Ingredients
4 lb stewing chicken, cut up
3 cup hot water
1 small onion, peeled
3 each celery tops
1 each carrot, peeled
1 tbsp salt
1 bay leaf
3 each eggs, sliced hard boiled
6 oz mushrooms, sliced/drained cn
2 tbsp flour
1 cup chicken broth
1 cup light cream
1 tsp salt
1/8 tsp pepper
Directions
Simmer chicken in water with onion, celery tops, carrot, salt bay leaf
until fork tender, about 2 1/2 to 3 hours. Cut meat from bones and
strain broth. Chill meat and broth separately.

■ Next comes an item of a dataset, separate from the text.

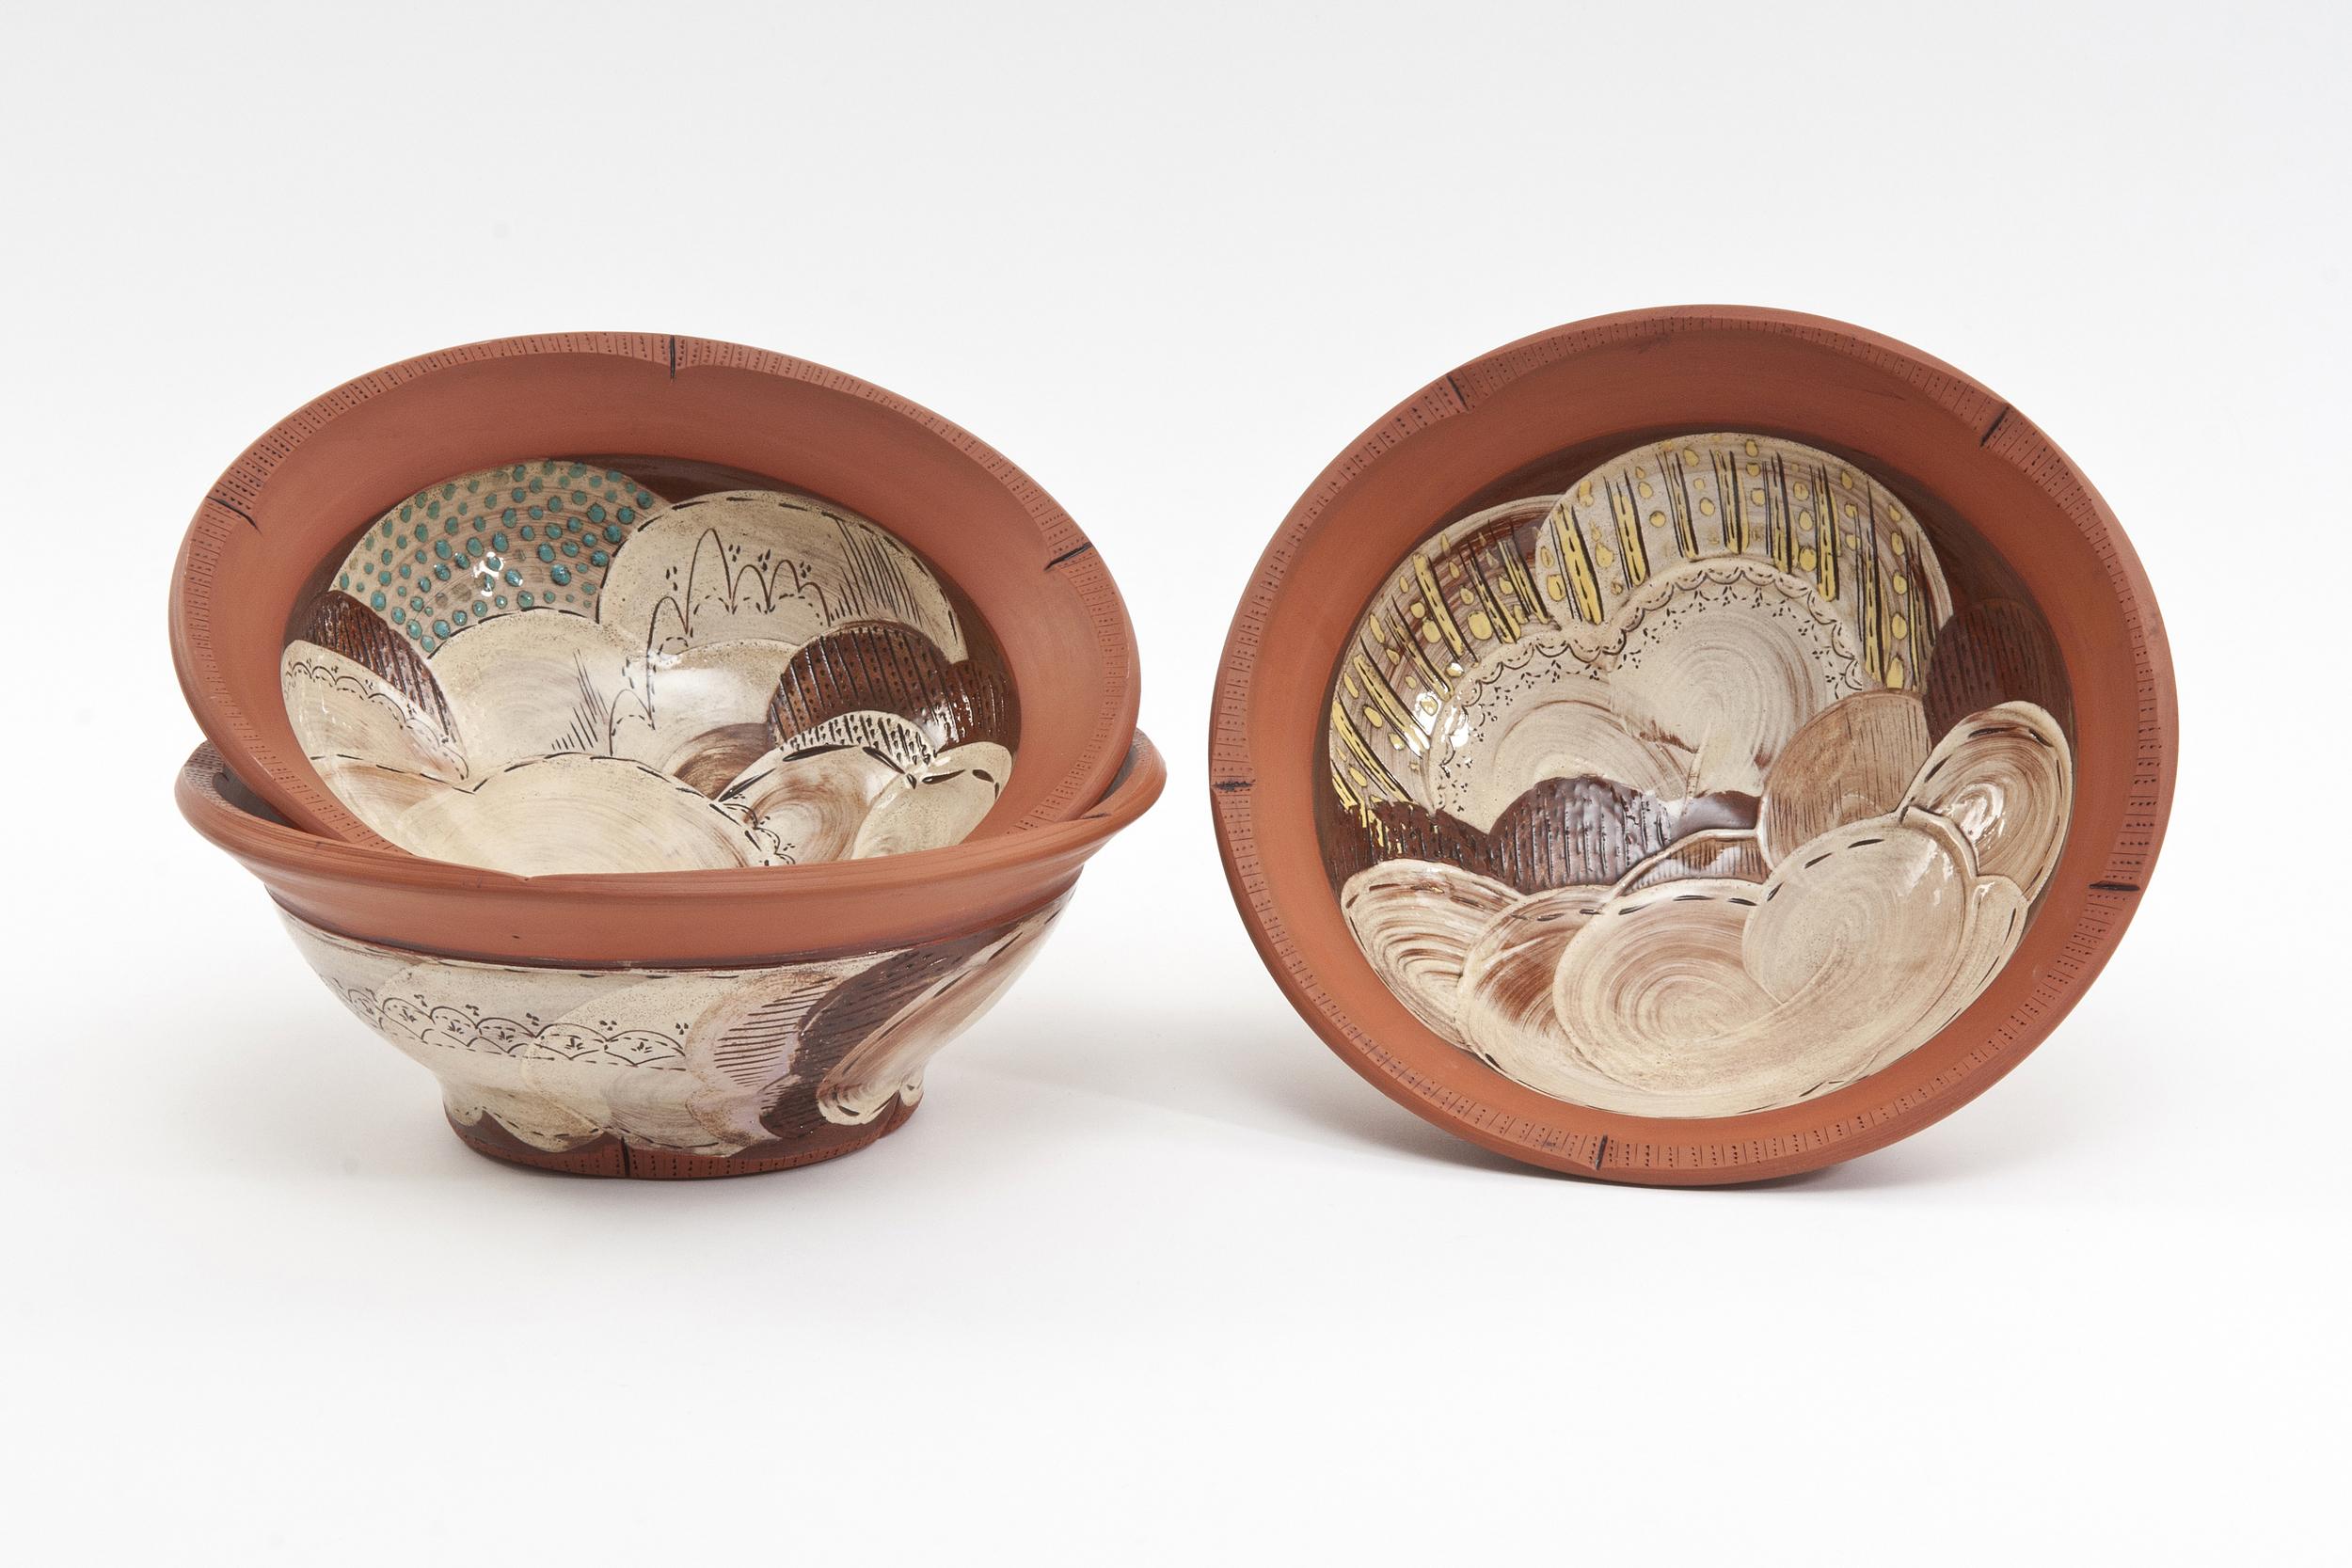 Medium Table Bowls £65

In greased 1 1/2 qt casserole arrange alternate layers of chicken,
eggs and mushrooms by thirds.
Mix flour and 1/4 cup broth until smooth. Heat remaining broth with
cream; stir in flour mixture and seasonings. Cook until thick and
smooth and pour into casserole.
Bake uncovered at 350 F. for 35 minutes.
Servings: 6 servings
Chicken Supper Dish Recipe brought to you by Recipe Ideas
Categories: Chicken; Poultry
The History of Recipes
It is actually possible to track the history of recipes far back into distant history, in fact as far back as the early Egyptians, and maybe even further. However, these, ancient recipes were just primitive hieroglyphic or cunieform recipes for preparing meals.

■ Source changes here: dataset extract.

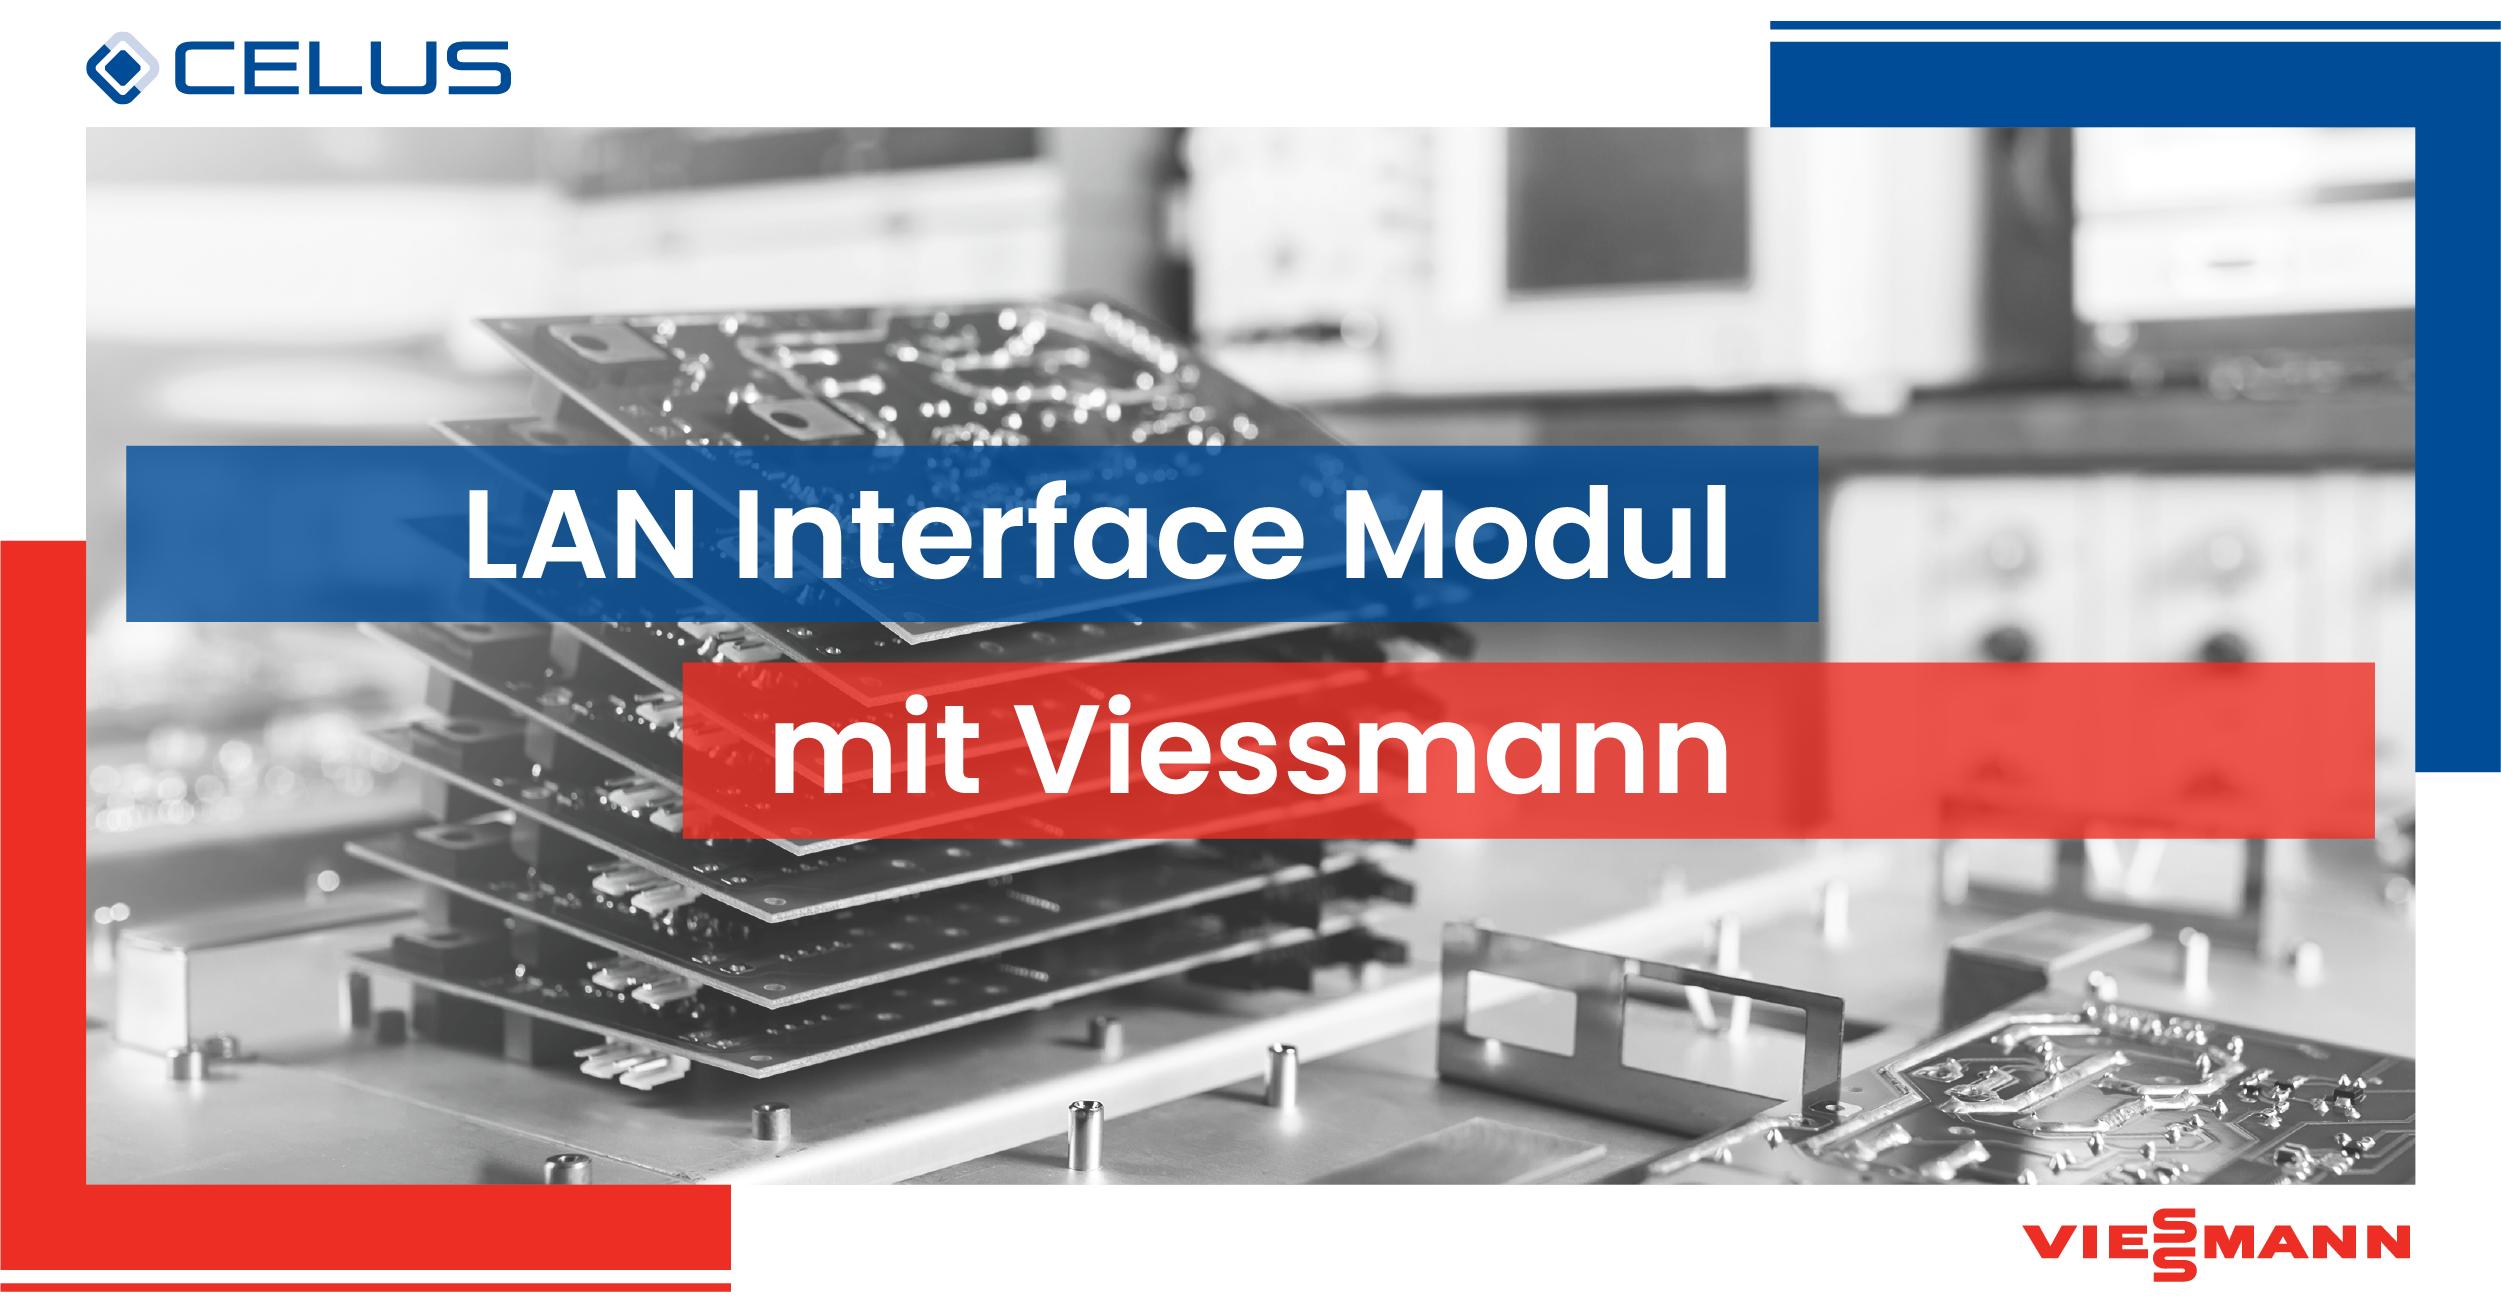 Viessmann Linkedin 31.05.2021_LinkedIN-08

The truth of the matter is, the most ancient recipe discovered, according to Professor Solomon Katz, is a collection of stone tablets in ancient Sumerian which recount the baking of bread which is then used to make a drink, quite possibly a form of beer as it is recorded as having made anyone who tried it feel exhilarated. As we move into Roman times 25BC a roman called Apicius wrote a few documents showing how to cook the recipes cooked by the Romans. In his works, Apicius tells us how the meals of wealthy Romans were separated into starters, entrees and desserts, something that is very familiar to us today. He also tells us how the ancient Romans were skilled in the use of many different herbs and spices, including some familiar names such as bay, mint and asafoetida. Moving on, we find some interesting books dating from the 1300s ; a recipe book entitled `Forme of Cury`, and another entitled `Curye on Inglish`. Perhaps surprisingly, they have no connection with the spicy food that appears on menues today, but instead recipes for the types of meals on the menues of the rich and wealthy people of that period. Later, in the 15th century, people returning from the crusades brought back a variety of spices and herbs from the holy lands, including spices such as rosemary and coriander. The introduction of these new foods and spices was responsible for an outbreak in books on cooking, some of which are kept safe in private libraries. During the following few centuries, the powerful and wealthy strove to offer the most exotic banquets, and consequentially chefs and their recipe collections were highly sought after. Nevertheless, it was during the 1800s that fine cooking and recipe publications reached a high level of popularity. The Famous Mrs Isabella Beeton in the UK, and the equally well-known Fannie Farmer in the USA, spent years to assembling, verifying, and writing down the recipes that were being prepared for the better households. By the advent of the 1900s, cook books were greatly in demand mostly due to better eduction, increased leisure time and being a little richer. |
We hope you enjoy this Chicken Supper Dish recipe.